Comparative analysis of the nucleotide composition biases in exons and introns of human genes

The nucleotide composition of human genes with a special emphasis on transcription-related strand asymmetries is analyzed. Such asymmetries may be associated with different mutational rates in two principal factors. The first one is transcription-coupled repair and the second one is the selective pressure related to optimization of the translation efficiency. The former factor affects both coding and noncoding regions of a gene, while the latter factor is applicable only to the coding regions. Compositional asymmetries calculated at the third position of a codon in coding (exons) and noncoding (introns, UTR, upstream and downstream) regions of human genes are compared. It is shown that the keto-skew (excess of the frequencies of G and T nucleotides over the frequencies of A and C nucleotides in the same strand) is most pronounced in intronic regions, less pronounced in coding regions, and has near zero values in untranscribed regions. The keto-skew correlates with the level of gene expression in germ-line cells in both introns and exons. We propose to use the results of our analysis to estimate the contribution of different evolutionary factors to the transcription-related compositional biases.

💡 Research Summary

The paper presents a systematic investigation of nucleotide composition biases in human genes, focusing on strand asymmetries that are linked to transcription. Two principal evolutionary forces are considered: transcription‑coupled DNA repair (TCR), which influences both coding and non‑coding regions, and selective pressure for optimizing translation efficiency, which acts only on coding sequences. To disentangle the contributions of these forces, the authors compute the “keto‑skew”—the excess of guanine (G) and thymine (T) over adenine (A) and cytosine (C) on the same DNA strand—in several genomic compartments: the third codon position (the wobble site) within exons, introns, untranslated regions (5′‑UTR and 3′‑UTR), and flanking intergenic sequences upstream and downstream of transcription units.

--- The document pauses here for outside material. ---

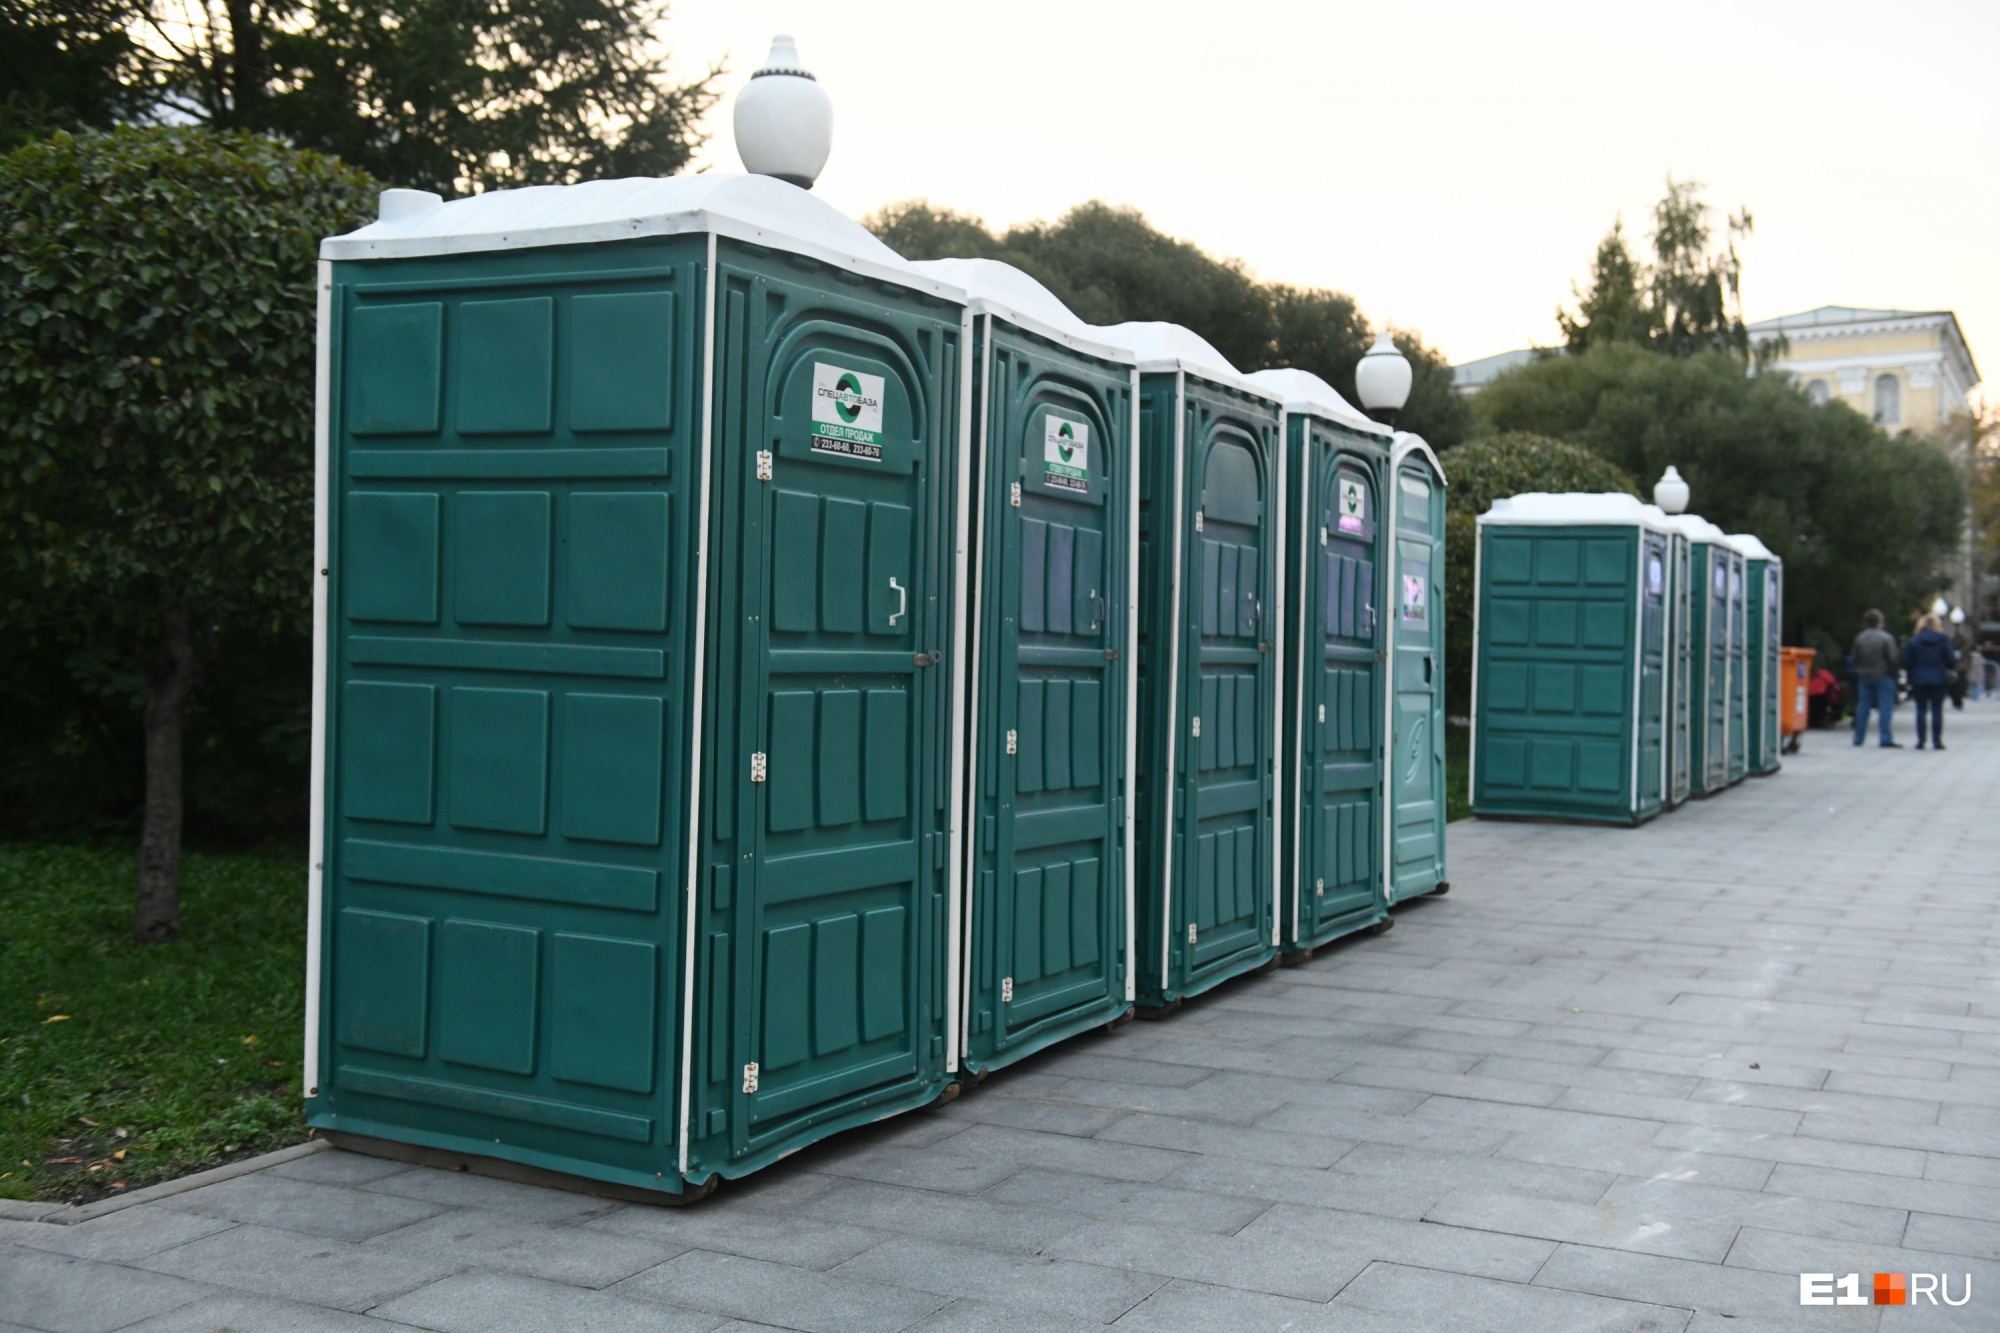 К «Ночи музыки» в Екатеринбурге установят почти две сотни мобильных туалетов

The analysis reveals a clear hierarchy of keto‑skew values. Intronic regions display the strongest positive skew (average ≈ +0.12), indicating a pronounced over‑representation of G and T. Exonic third‑position sites show a moderate skew (average ≈ +0.07), while non‑transcribed flanking regions are essentially neutral (≈ 0). This pattern suggests that transcription itself introduces strand‑specific mutational pressures that are only partially corrected by TCR, leading to accumulation of G/T‑rich lesions in regions that are actively transcribed. The near‑zero skew in untranscribed DNA confirms that the bias is not a genome‑wide compositional artifact but is tied to transcriptional activity.

A second major finding is the positive correlation between keto‑skew and gene expression levels measured in germ‑line cells. Genes with high germ‑line expression exhibit larger skew values in both introns (correlation coefficient r ≈ 0.45) and exons (r ≈ 0.38). This relationship supports the hypothesis that transcription frequency amplifies the TCR‑related asymmetry: the more a gene is transcribed, the greater the exposure of its DNA to transcription‑associated damage and the subsequent strand‑biased repair processes. The slightly stronger correlation in introns may reflect the absence of counter‑balancing selective forces that operate in coding regions.

The authors propose a quantitative framework for partitioning the observed compositional bias into contributions from the two evolutionary forces. TCR is modeled as a universal driver of positive keto‑skew in any transcribed DNA, whereas translation‑efficiency selection imposes a dampening effect specifically on coding sequences, especially at synonymous third‑position sites where codon usage can be optimized without altering the amino‑acid sequence. Consequently, the net skew observed in exons represents the sum of a TCR‑induced positive component and a translation‑selection‑induced negative component, yielding an intermediate value compared with introns.

Beyond the immediate descriptive results, the study highlights the utility of keto‑skew as a diagnostic metric for assessing the relative strength of transcription‑related mutational processes versus translational selection across the genome. By applying this metric to other eukaryotic species, researchers could compare the balance of these forces in diverse evolutionary contexts. Moreover, integrating keto‑skew data with tissue‑specific expression profiles, mutation burden analyses, or disease‑association studies could reveal whether regions with unusually high skew are hotspots for pathogenic mutations or markers of genomic instability.

In summary, the paper demonstrates that (1) transcription‑associated strand asymmetries are most evident in introns, (2) coding regions exhibit a moderated bias due to opposing selective pressures for efficient translation, and (3) the magnitude of the bias scales with gene expression in germ‑line cells. These insights provide a refined perspective on how mutational mechanisms and functional constraints jointly shape nucleotide composition in the human genome, and they establish keto‑skew as a valuable tool for future evolutionary and medical genomics investigations.